Only set device assignment if non empty.

PiperOrigin-RevId: 371709740
Change-Id: I9c8b8031c74fa0950f026df0d05c70f94243910e
diff --git a/tensorflow/compiler/jit/kernels/BUILD b/tensorflow/compiler/jit/kernels/BUILD
index 960e7e7..2ba2c4f 100644
--- a/tensorflow/compiler/jit/kernels/BUILD
+++ b/tensorflow/compiler/jit/kernels/BUILD
@@ -38,6 +38,7 @@
     "//tensorflow/core/platform:stream_executor_no_cuda",
     "//tensorflow/core/profiler/lib:traceme",
     "//tensorflow/stream_executor:tf_allocator_adapter",
+    "@com_google_absl//absl/types:optional",
 ]
 
 # Linked by tensorflow core, without registration of jit compilation passes.
diff --git a/tensorflow/compiler/jit/kernels/xla_ops.cc b/tensorflow/compiler/jit/kernels/xla_ops.cc
index 487c183..7a7013e 100644
--- a/tensorflow/compiler/jit/kernels/xla_ops.cc
+++ b/tensorflow/compiler/jit/kernels/xla_ops.cc
@@ -18,6 +18,7 @@
 #include "absl/container/flat_hash_map.h"
 #include "absl/memory/memory.h"
 #include "absl/synchronization/notification.h"
+#include "absl/types/optional.h"
 #include "tensorflow/compiler/jit/defs.h"
 #include "tensorflow/compiler/jit/encapsulate_subgraphs_pass.h"

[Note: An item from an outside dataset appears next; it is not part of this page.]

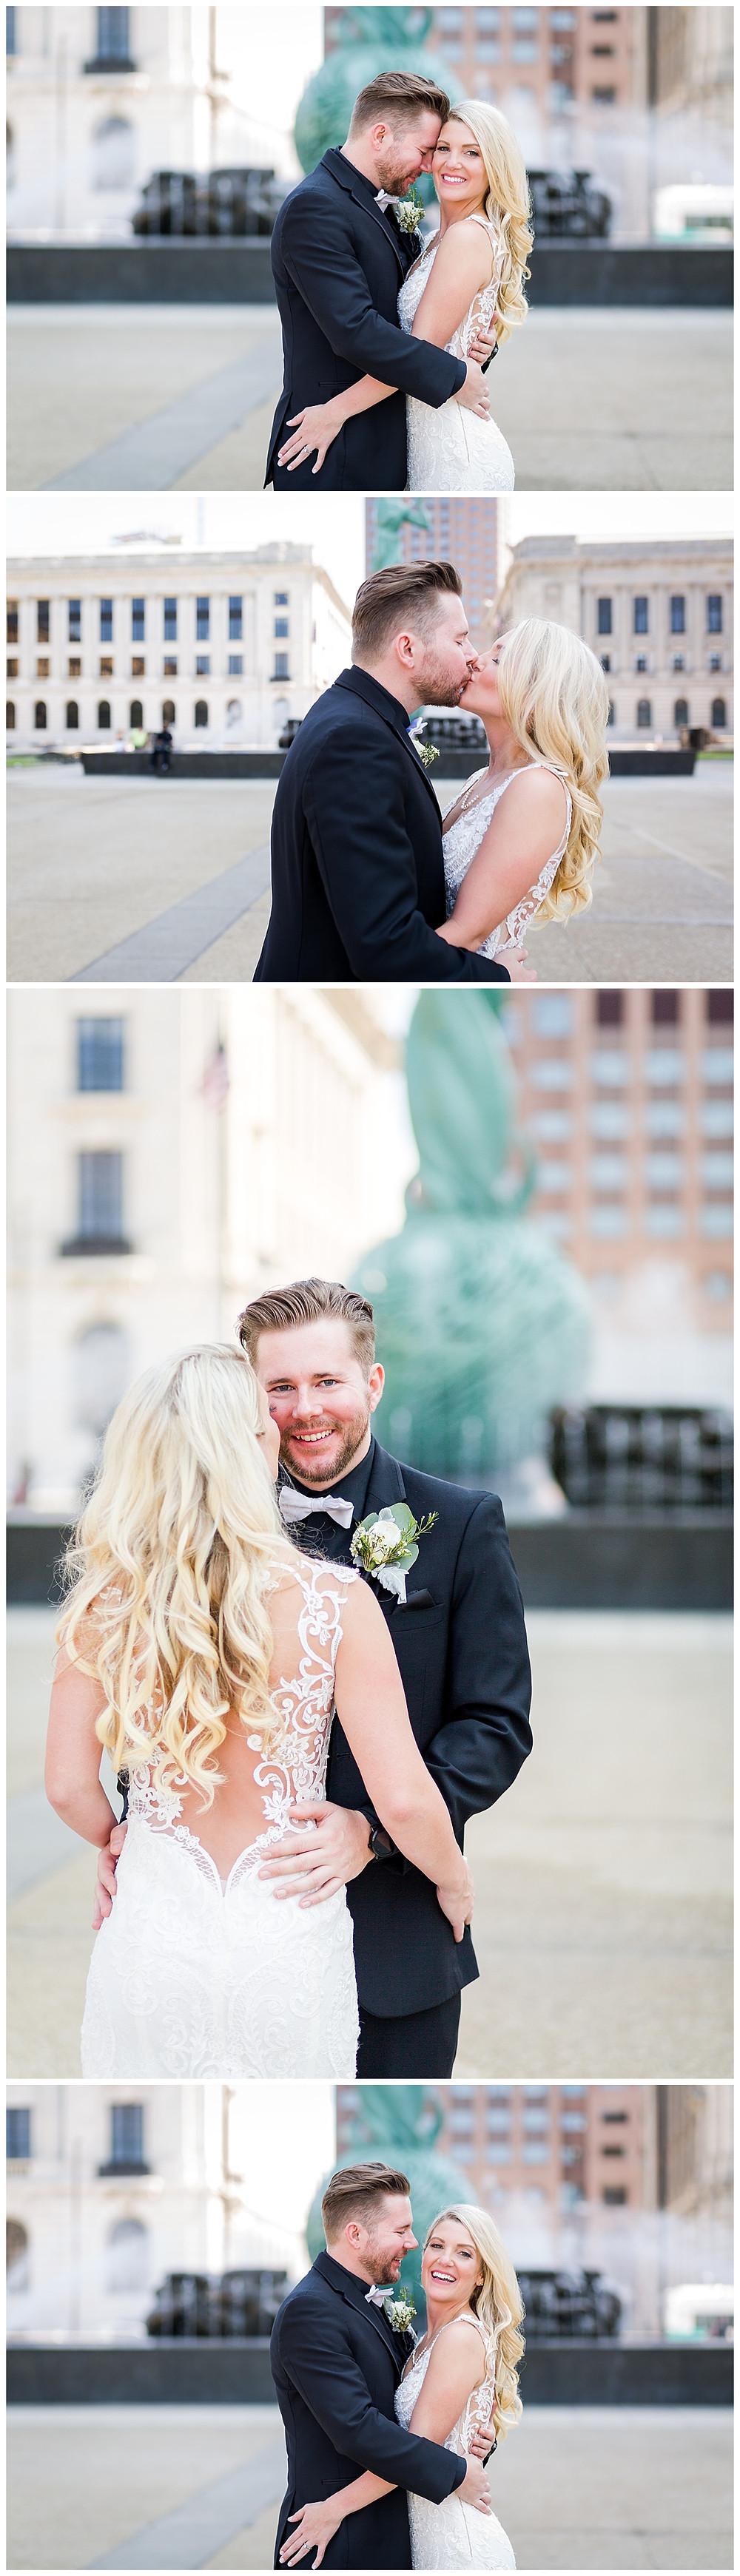 bride and groom photos cleveland ohio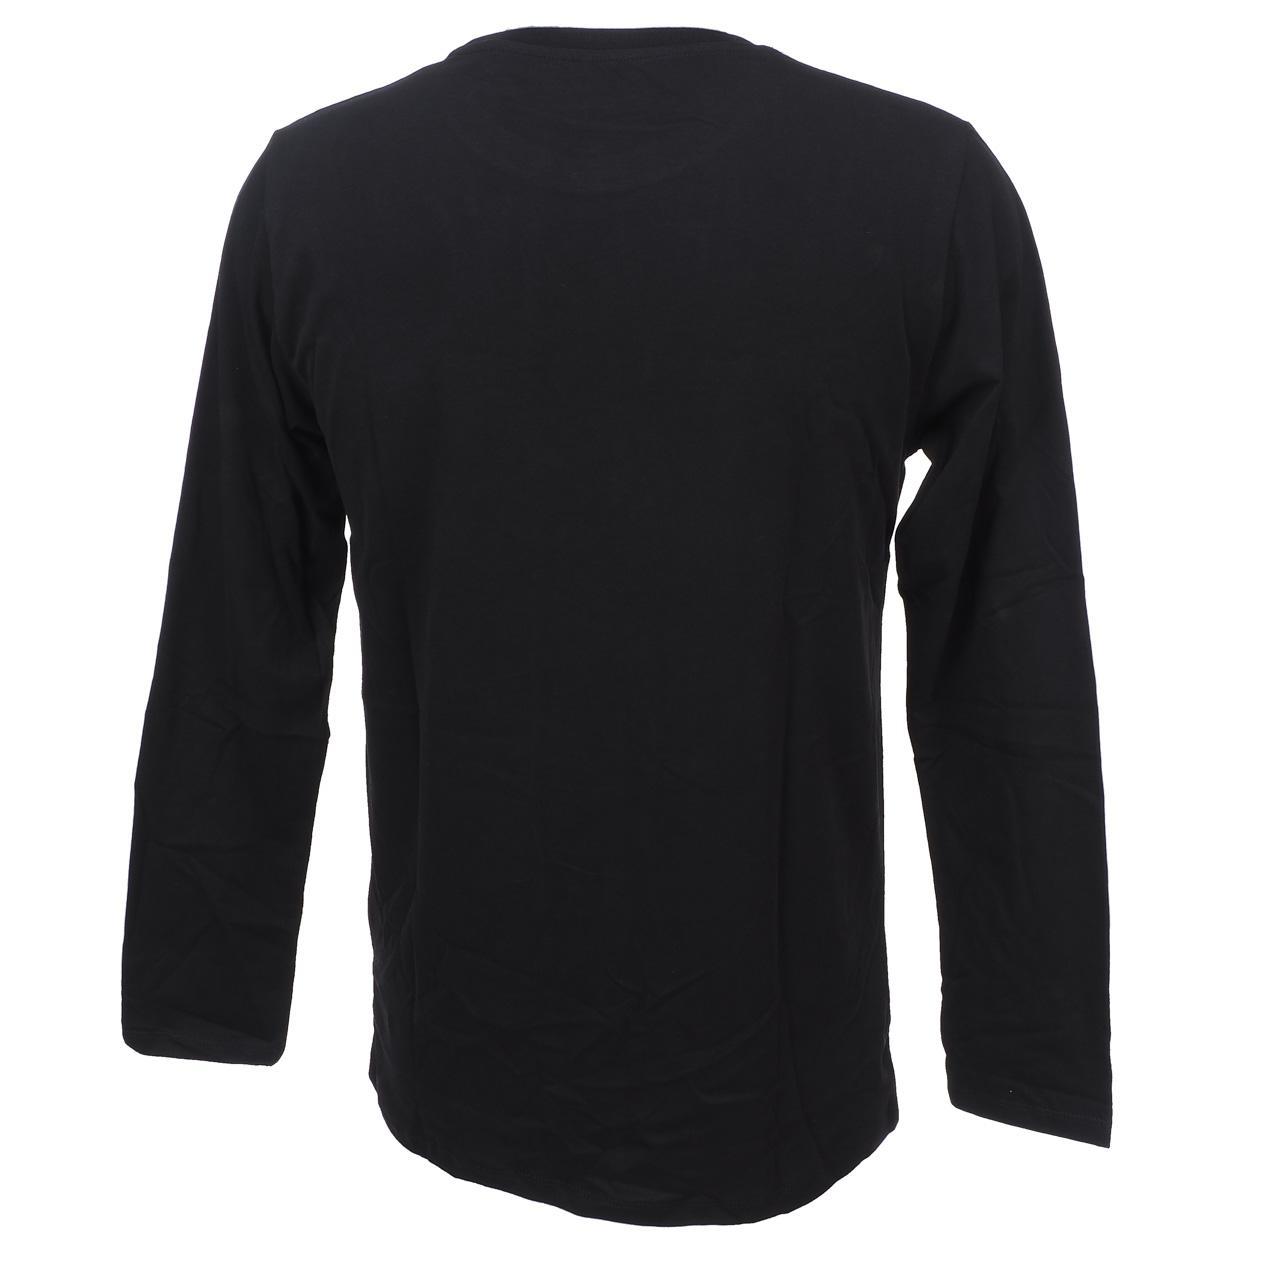 Tee-shirt-manches-longues-Pepe-jeans-Blake-black-ml-tee-jr-Noir-14082-Neuf miniature 4

 #include "tensorflow/compiler/jit/flags.h"
@@ -221,7 +222,8 @@
 
 // Resolve the device assignment for the TF single-host MirroredStrategy by
 // calling into TF runtime which in turn would start a rendezvous.
-static xla::StatusOr<xla::DeviceAssignment> ResolveDeviceAssignment(
+static xla::StatusOr<absl::optional<xla::DeviceAssignment>>
+ResolveDeviceAssignment(
     OpKernelContext* ctx,
     const absl::optional<
         XlaCompiler::CompilationResult::CollectiveReduceV2OpInfo>&
@@ -230,7 +232,7 @@
   if (!collective_reduce_info) {
     // An empty device assignment is sufficient for the case where no
     // collectives are present.
-    return xla::DeviceAssignment{};
+    return {{absl::nullopt}};
   }
 
   CollectiveParams params;
@@ -279,7 +281,7 @@
     out(device_idx, 0) = gpu_device_info->stream->parent()->device_ordinal();
   }
 
-  return out;
+  return {{out}};
 }
 
 void XlaLocalLaunchBase::Compute(OpKernelContext* ctx) {
@@ -333,12 +335,14 @@
 
   // Execute the computation.
   VLOG(2) << "Executing computation.";
-  xla::StatusOr<xla::DeviceAssignment> device_assignment =
+  xla::StatusOr<absl::optional<xla::DeviceAssignment>> device_assignment =
       ResolveDeviceAssignment(ctx, compilation_result->collective_reduce_info);
   OP_REQUIRES_OK(ctx, device_assignment.status());
 
   xla::ExecutableRunOptions run_options;
-  run_options.set_device_assignment(&*device_assignment);
+  if (*device_assignment) {
+    run_options.set_device_assignment(&**device_assignment);
+  }
   run_options.set_stream(stream);
   run_options.set_allocator(allocator);
   run_options.set_intra_op_thread_pool(&ctx->eigen_cpu_device());